Do you ever find yourself mentally totting-up how much your inherited bits of valuables might pull in if ever you needed to sell them?
Maybe a few thousand for that wonderful armoire that’s been in the family for a few generations or even more for a fantastic silver tureen and cutlery caddy?
Well, just get the facts and figures first before you try to liquidate these ‘assets’. You could be surprised.
We recently surveyed our MoneyMagpie readers about how much they had pulled in when they sold their ‘valuables’ to bring in some cash and the results weren’t joyous. Three in four of them had flogged something old online to make a quick buck without knowing how much it was worth, while one in three admitted they could probably have got more with the right research. Some Lovejoy types must be rubbing their hands with glee.
But the problem is that we really don’t know what our possessions are worth because their value keeps changing and things that you thought would see you comfortably into your old age can end up costing you money to get rid of.
Who would have thought 30 years ago that the beautifully-carved, oak furniture made by top craftsmen would be as popular today as a pork chop at a Bar Mitzvah? Cut glass goblets might as well hold your dentures for all the worth they now have. As for china, the Limoges table service sets that used to be the very definition of what you use ‘for best’ have now been pushed off the shelf by competition from new ranges by IKEA, Next and M&S, for goodness sake.

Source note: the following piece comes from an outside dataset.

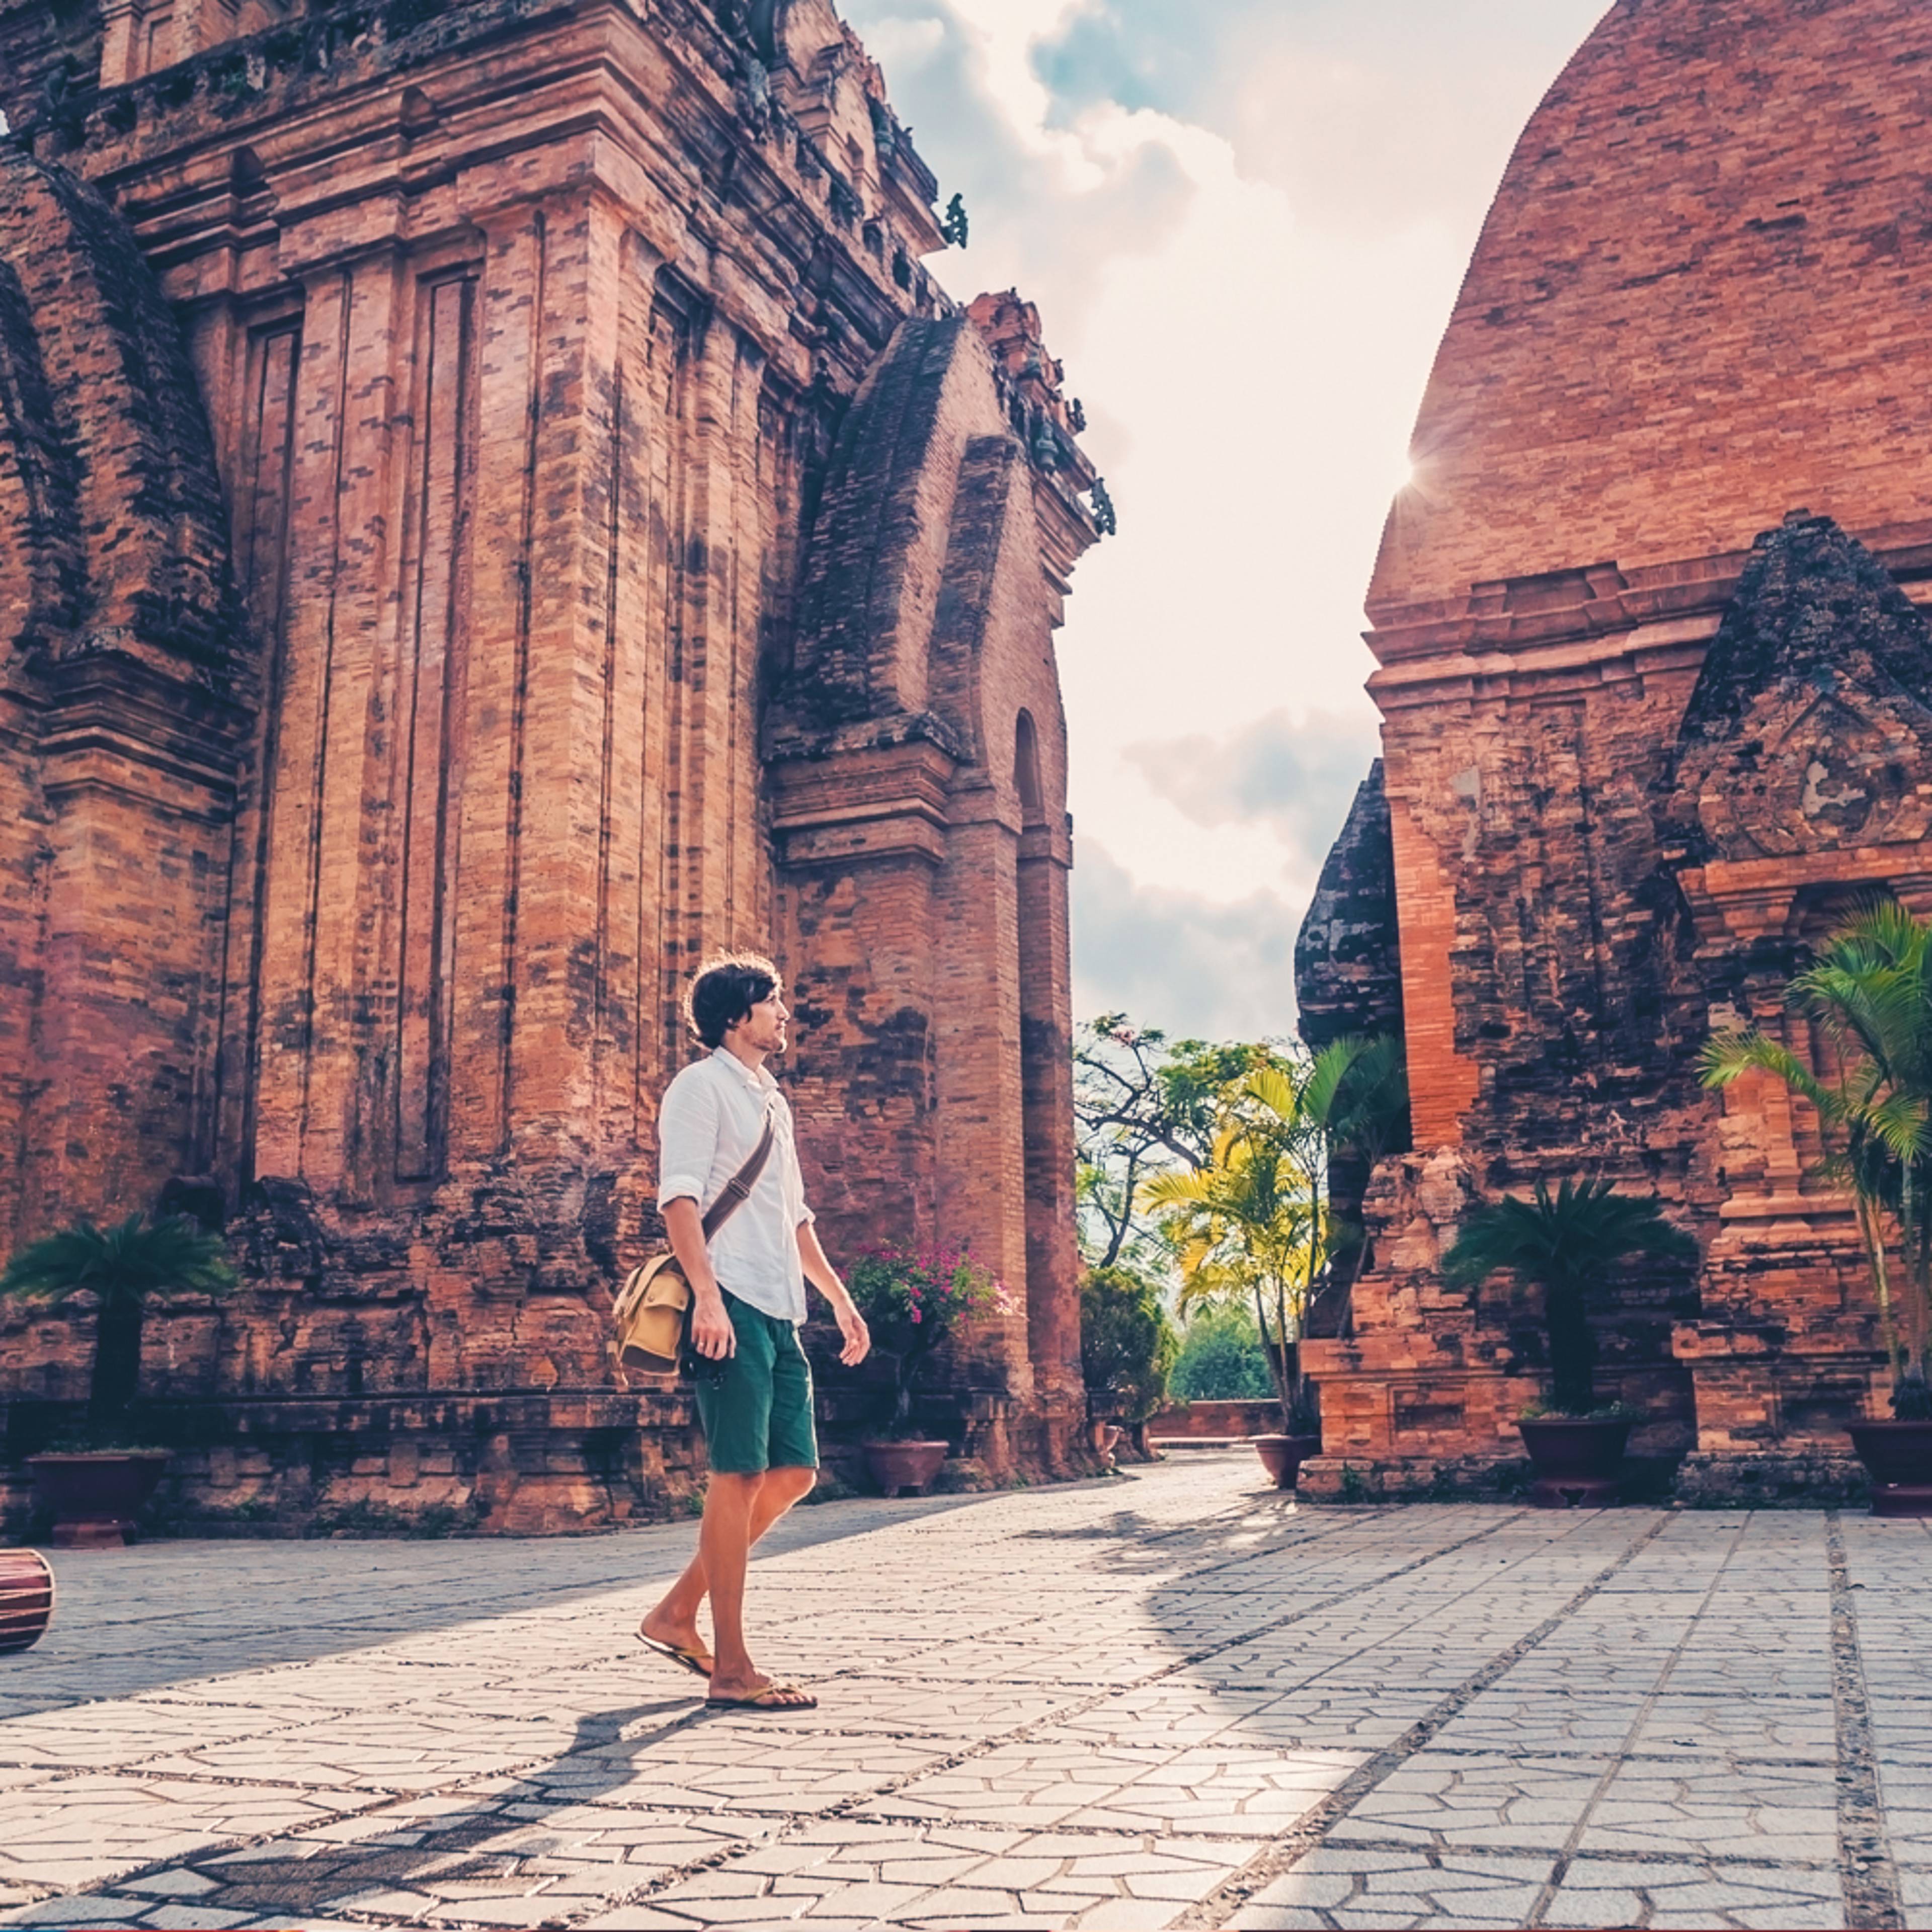 Design your perfect solo trip with a local expert in Vietnam

“People nowadays don’t learn history so they’re not interested in genuine antiques anymore,” grumbles an antiques dealer from London’s Gray’s Antiques. “It’s vintage they want – anything from the 1950s onwards.”
It’s true. A recent report by classified website Gumtree finds that the items in our homes that could give us a comfortable retirement are not the silver candlesticks from Great Grandma but the plastic bits of tat in the playroom, such as Power Rangers Dino Charge, Harry Potter Lego, and Bratz, as well as first edition Game of Thrones books or board games such as Jumanji. It’s also the gadgets about the home, such as your Dyson Supersonic hairdryer, your Amazon Echo (does yours even work?) and your Emma Bridgewater portable radio.
It’s nostalgia that sells nowadays, and is likely to do so later on. Not nostalgia for ancient times that we never knew, but for childhoods that we wanted and never had.
I was recently commissioned by Gold TV to work out how much the assets of Delboy and Rodney of Only Fools and Horses would be worth now, and I found that Uncle Albert’s silver cigarette case from the Zulu war was worth the same as Delboy’s 1981 plastic Casio watch: £150. The History Boys would be horrified – it seems that if we didn’t experience it, it’s not historical or valuable anymore.
I blame it on eBay. That site has enabled people around the world to indulge their passions for all things tat, giving a value of thousands to an item that any sane person would consign to the bin once they’d fished it out of their Cornflakes. Like a 1985 Star Wars Yak Face (boxed) which, to my mind, should grace the shelves of the local charity shop, but sold for £57,500.
Personally, I don’t collect anything, apart from dust… and compliments, obviously. But I get a twinge of regret at my regularly ruthless decluttering exercises when I hear of ancient old laptops selling for hundreds to the new breed of collector, or nasty 1980s-style plastic earrings being passed off as ‘vintage’ now. Aargh - I could have cleaned up!
I’m also conflicted about collecting as an investment strategy. I know that a collection can be a genuine retirement fund if you get it right… and yet, the minimalist, stuffocated, thrower-outer in me rails against the very idea of glass cases full of Buffy dolls and Luke Skywalker figurines, even though I know they could outperform the stock market over the next 20 years. Lego creations already have. In the last 15 years, the average value of a Lego set has gone up dramatically with "pristine condition" sets appreciating 12% a year.
So, with a world-weary sigh I say get your valuables valued and, while you’re at it, get your tat on the table too, because chances are, in this topsy-turvy world, your tat will out-bid your Chesterfield table by 50 to one.